(Dataset items)

□ □ □

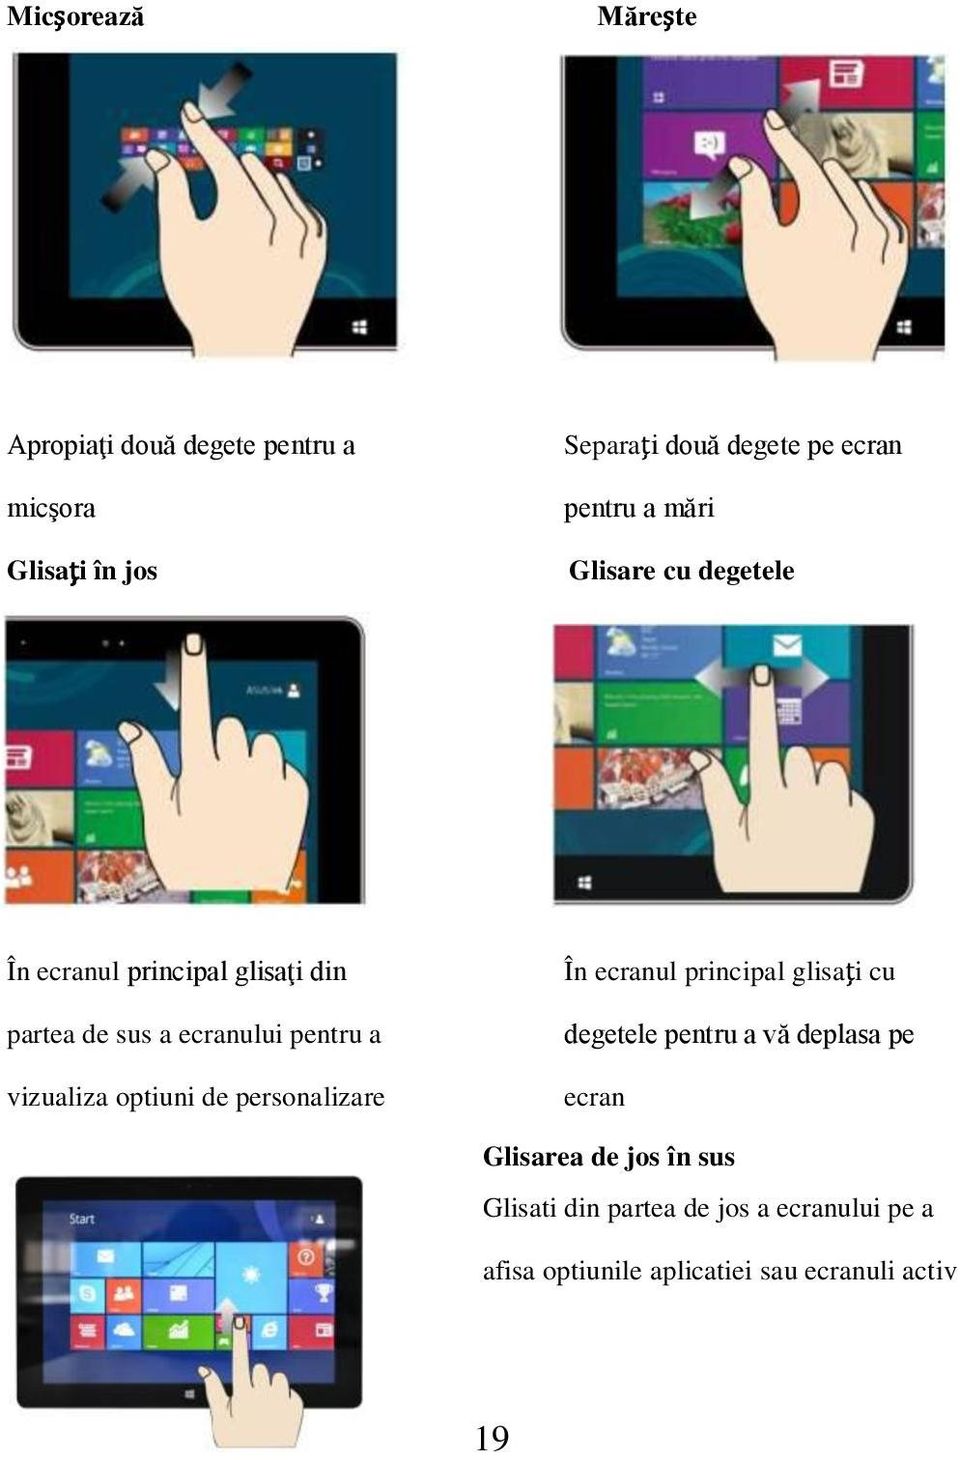 vizualiza optiuni de personalizare În ecranul principal glisaţi cu degetele pentru a vă deplasa pe ecran
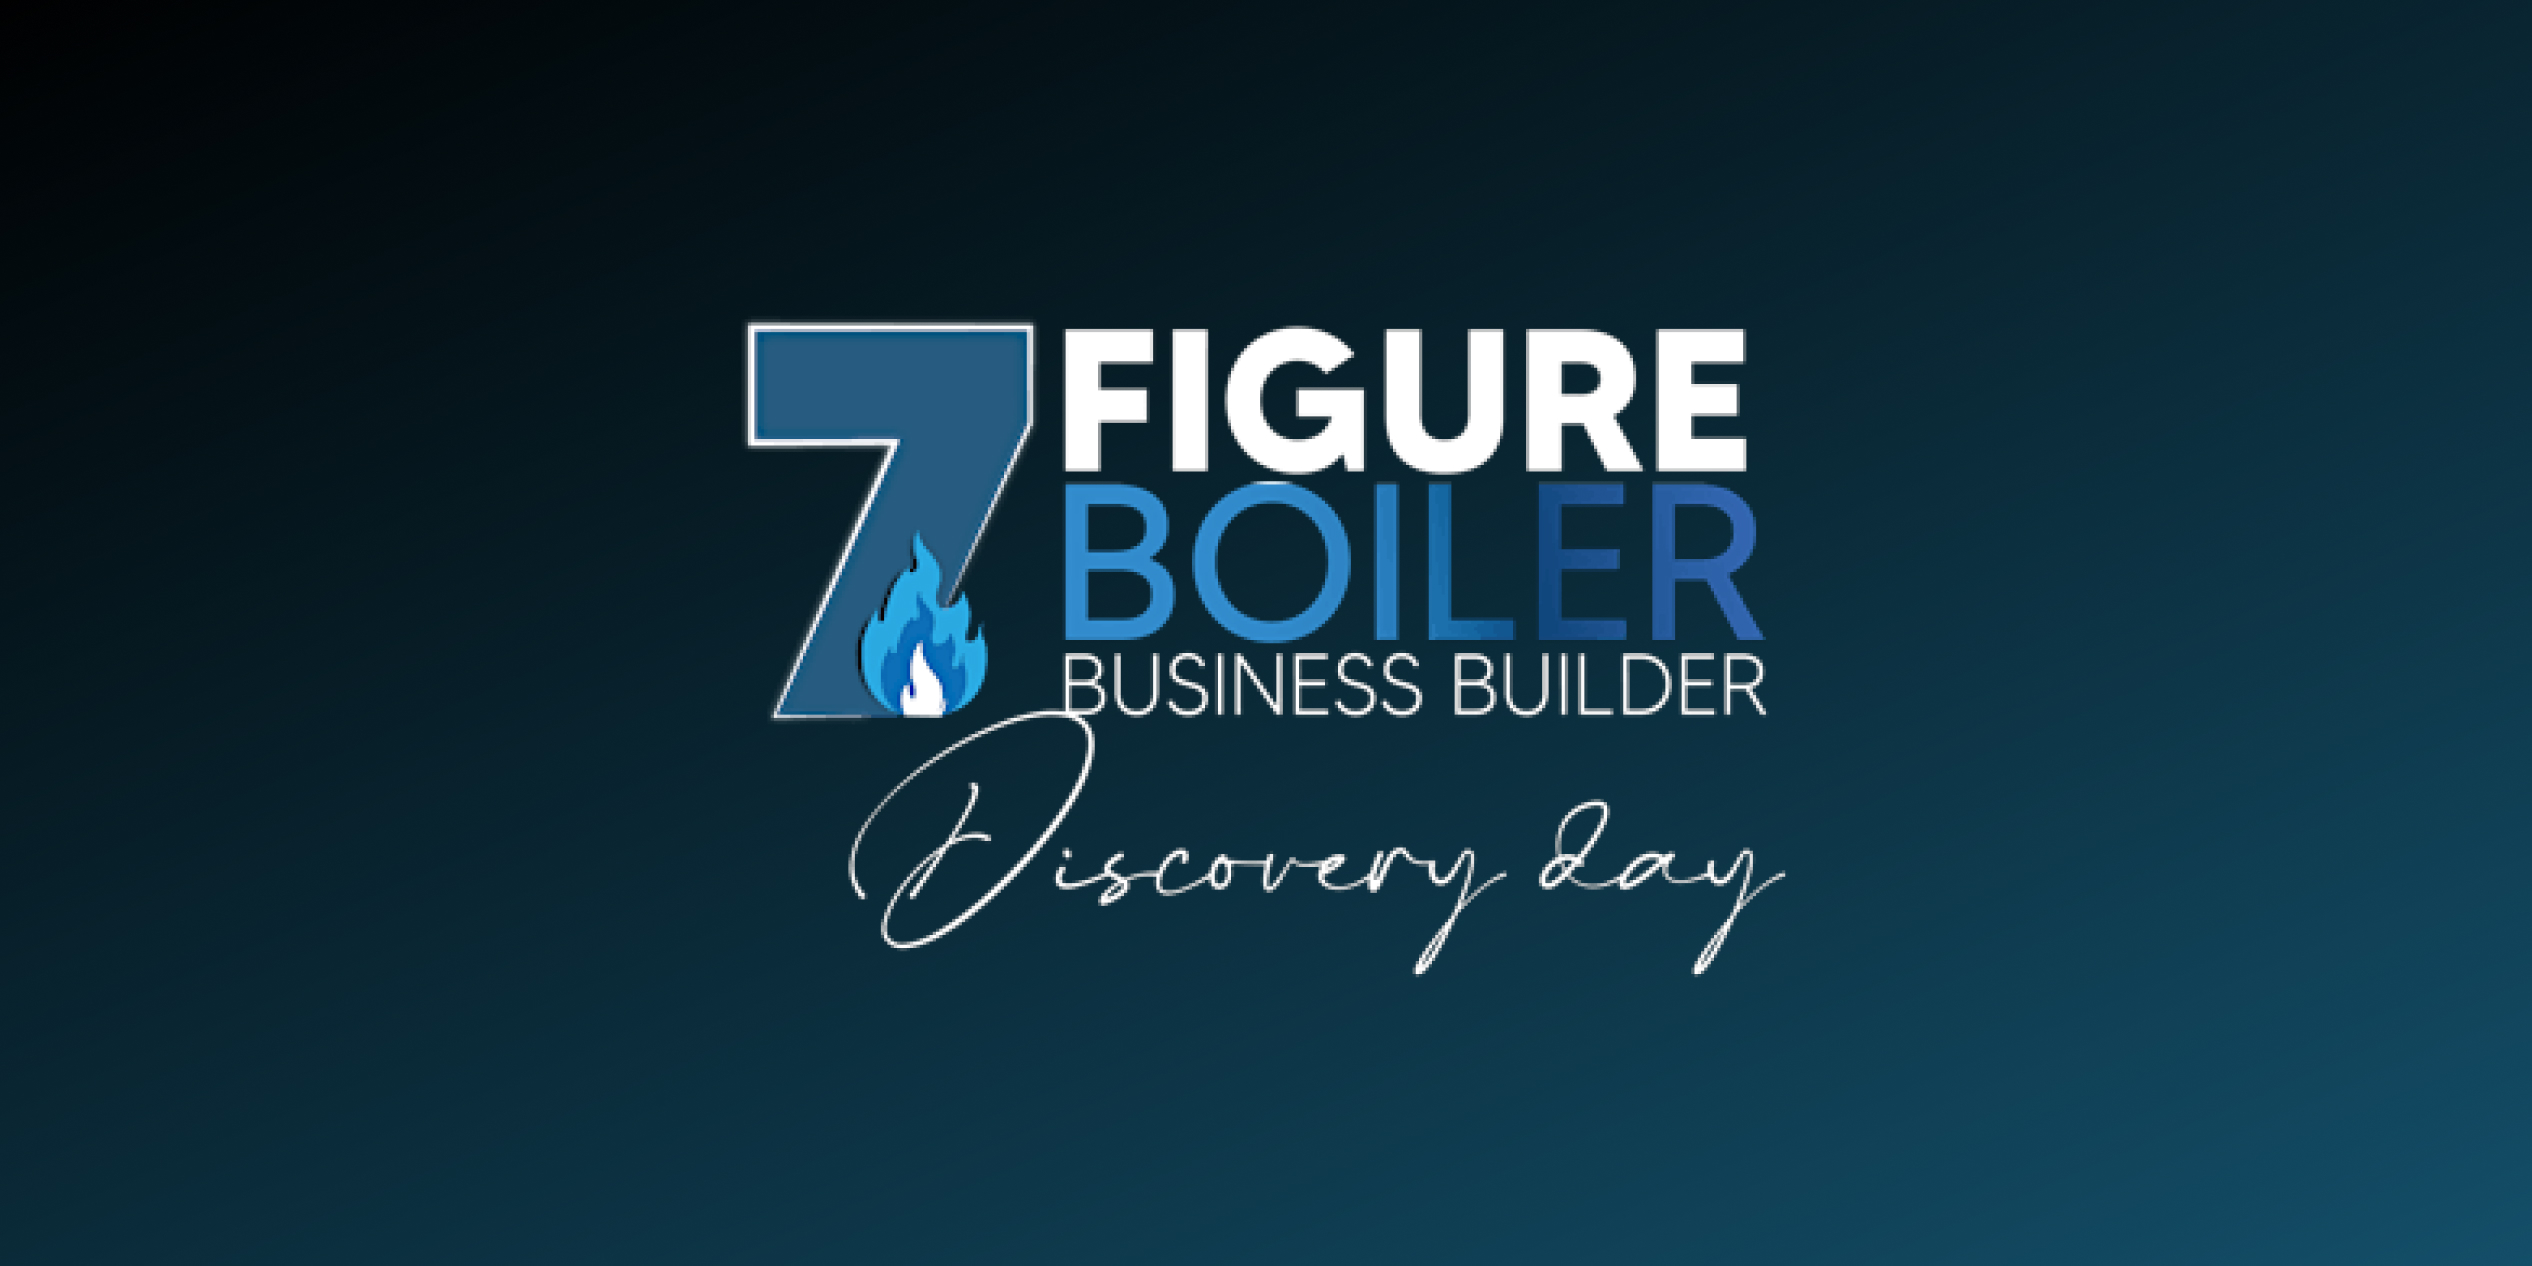 Logo of 7 Figure Business Builder on black background
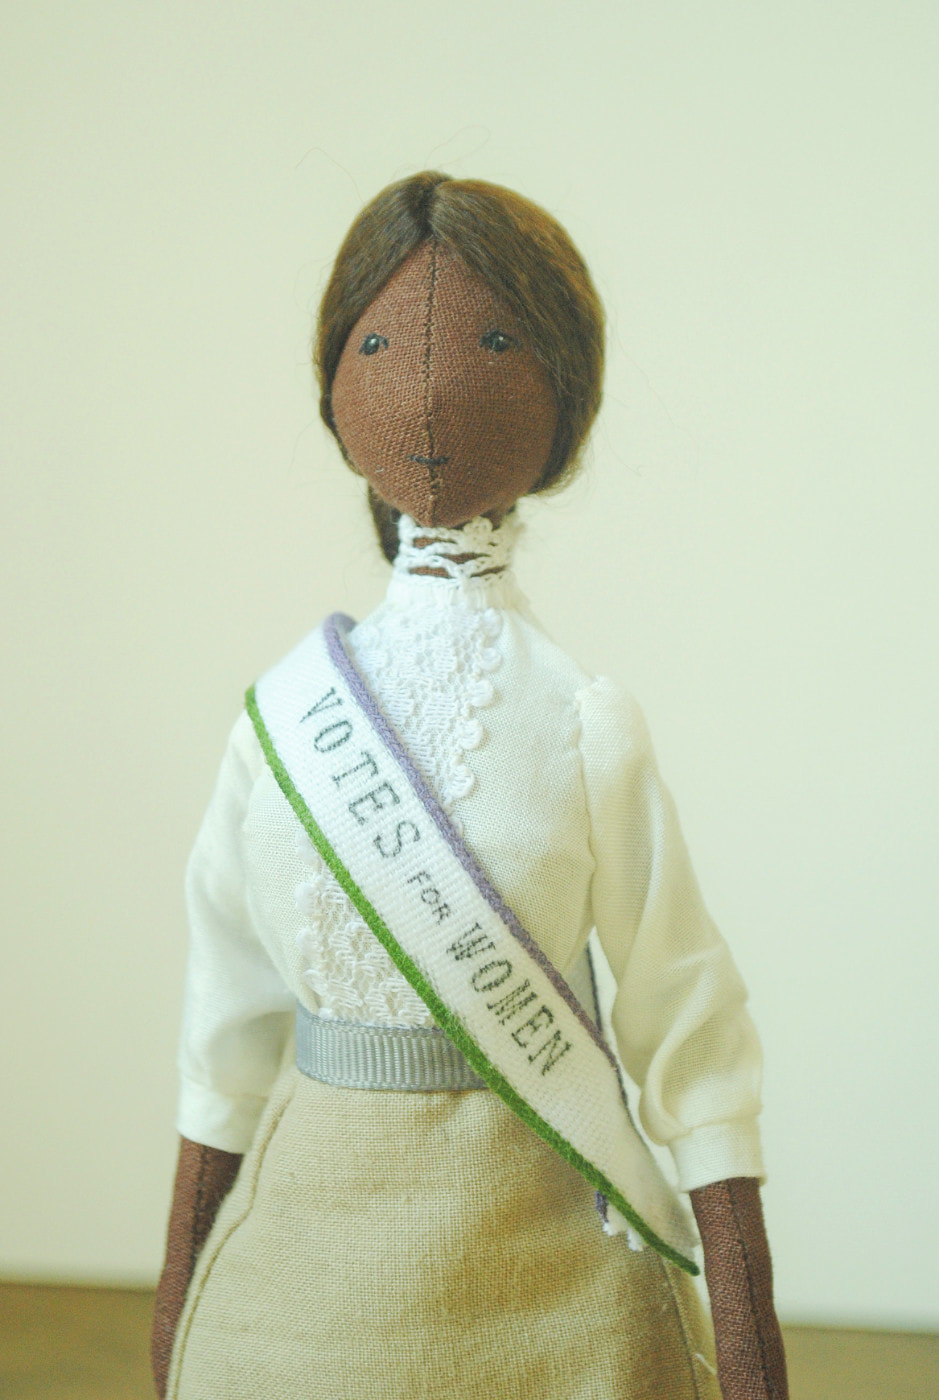 Willowynn Suffragette doll
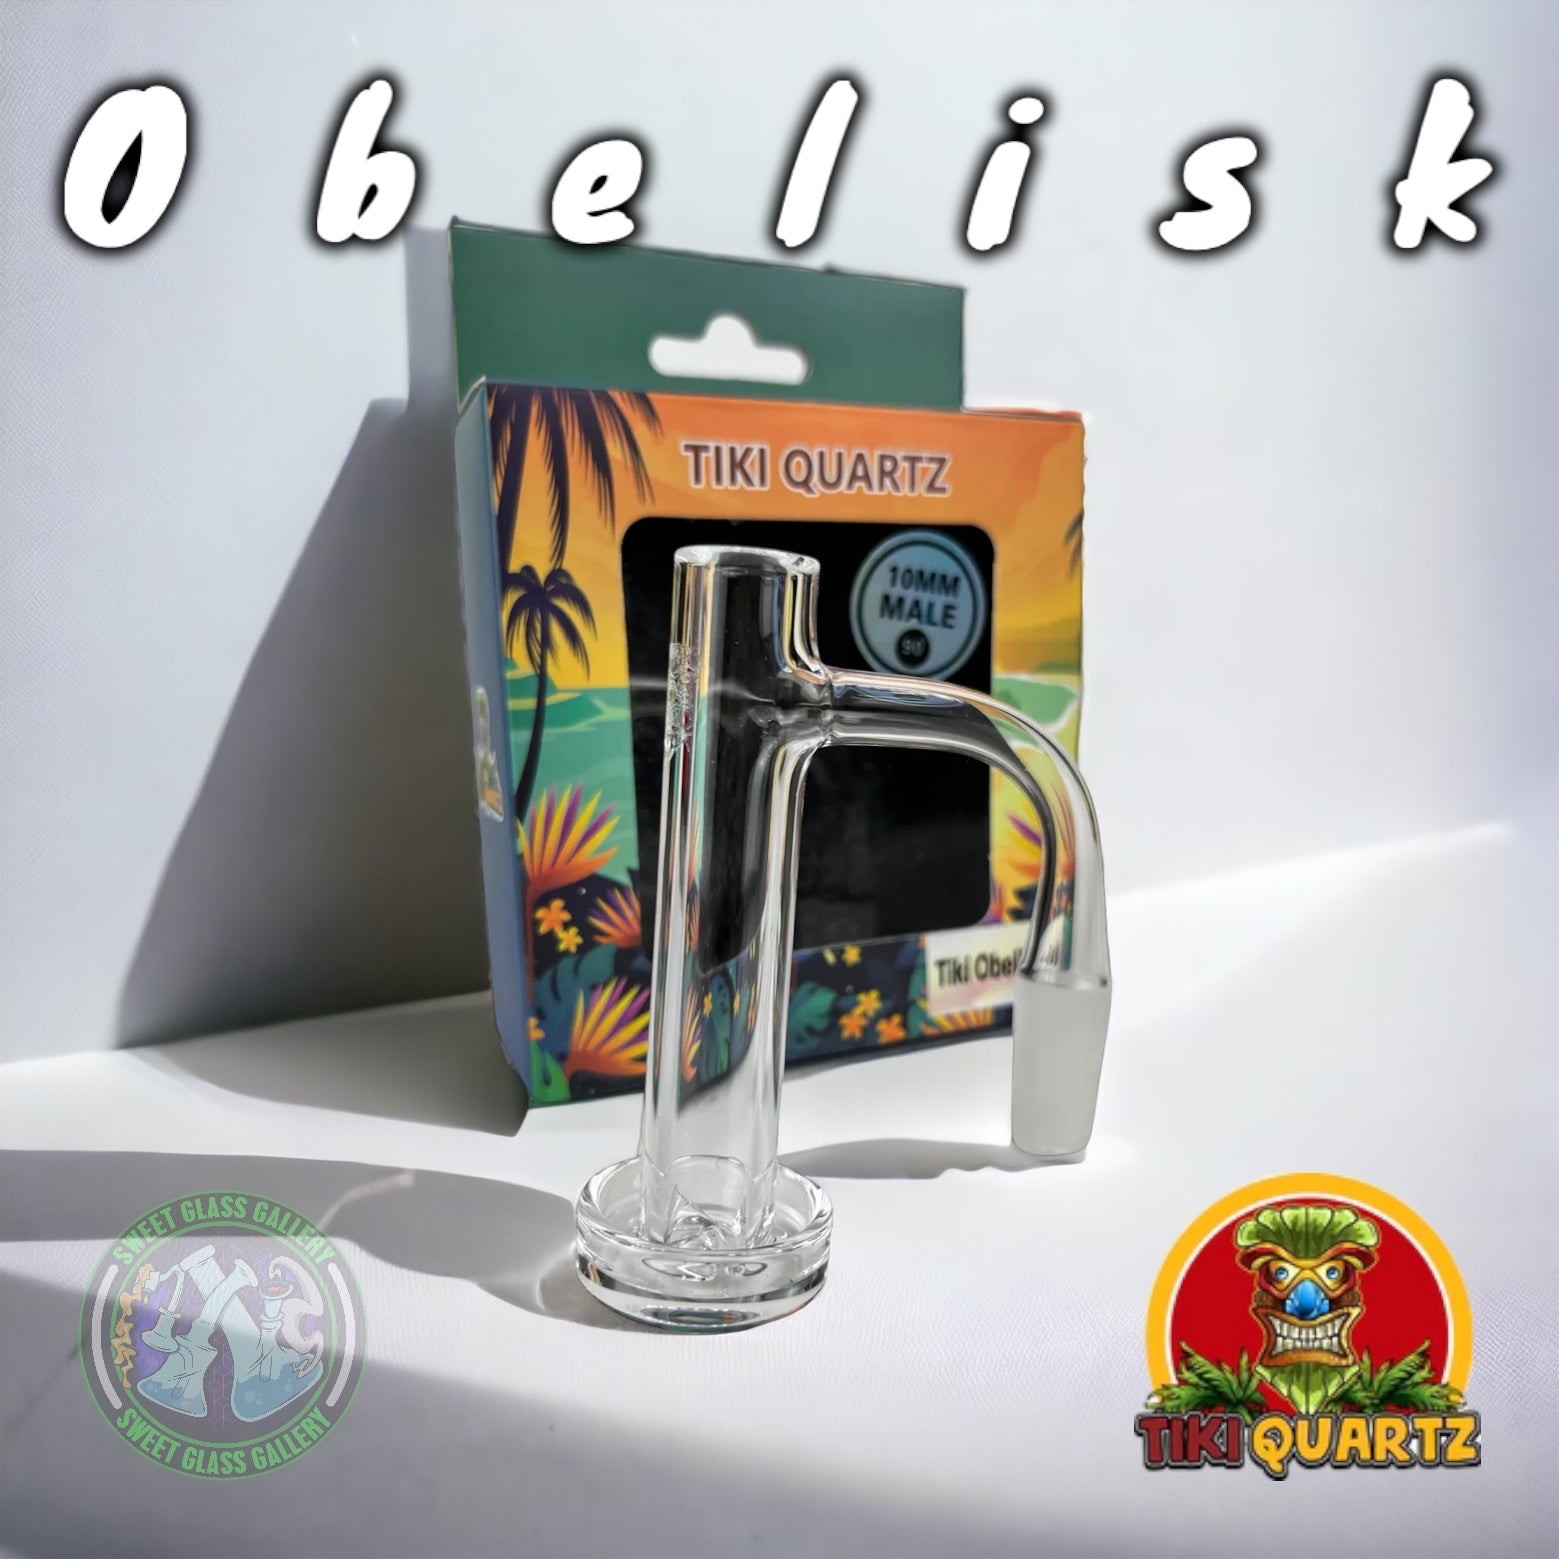 Tiki Quartz - Obelisk - “Control Tower” Style
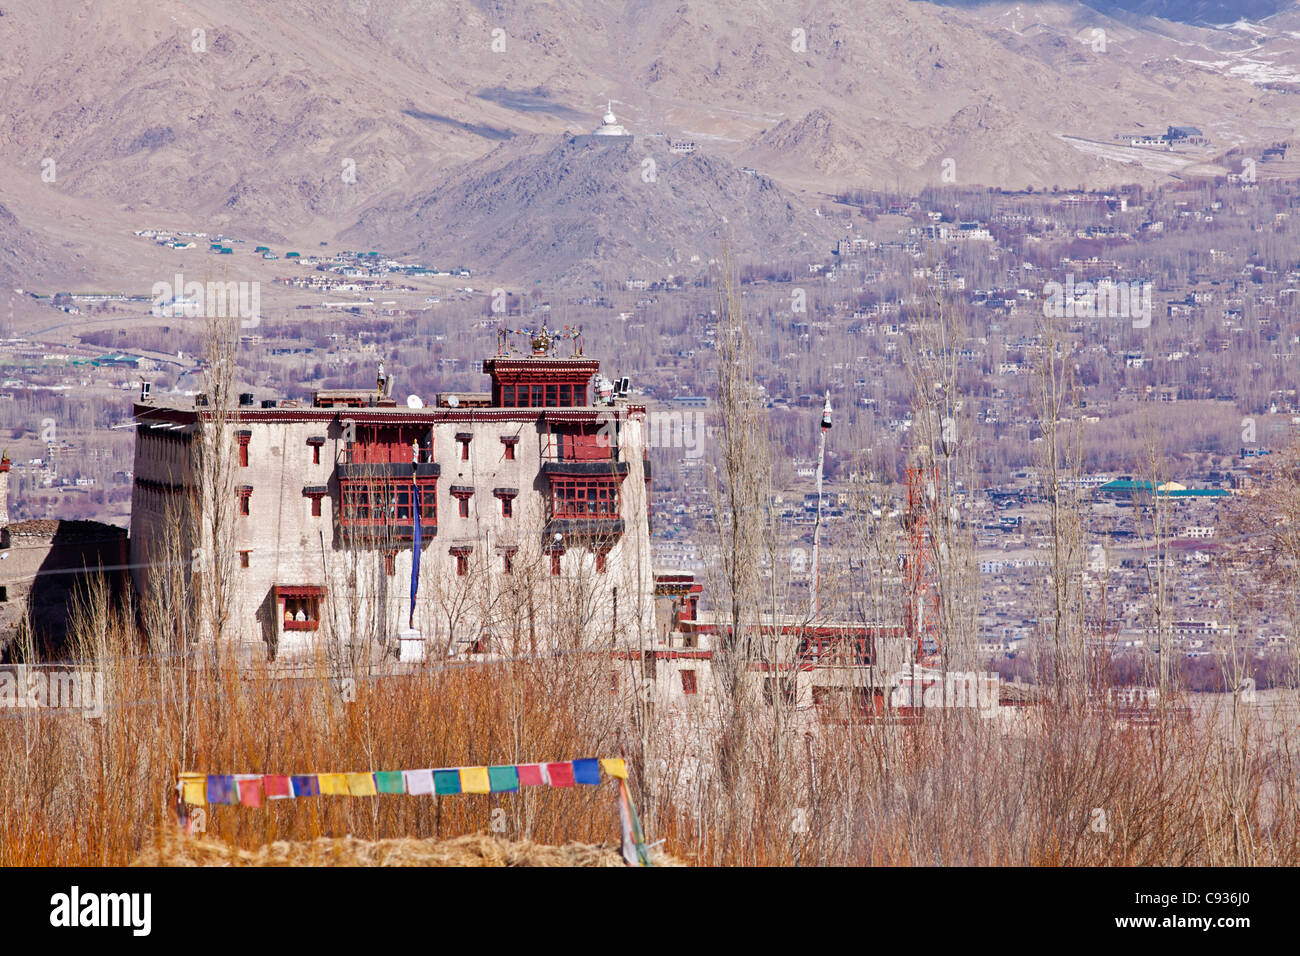 L'Inde, le Ladakh, Stok. Palais Stok, résidence de la Reine du Ladakh. Banque D'Images

□ □ □

DIRECTIONS: The lines from the one containing "Willowynn Suffragette doll" to the last line of the records, both included: print exactly those and nothing else, leaving out any pictures.

SOLUTION TO THIS TASK:
 Willowynn Suffragette doll
 Tiki Quartz - Obelisk - “Control Tower” Style
 L'Inde, le Ladakh, Stok. Palais Stok, résidence de la Reine du Ladakh. Banque D'Images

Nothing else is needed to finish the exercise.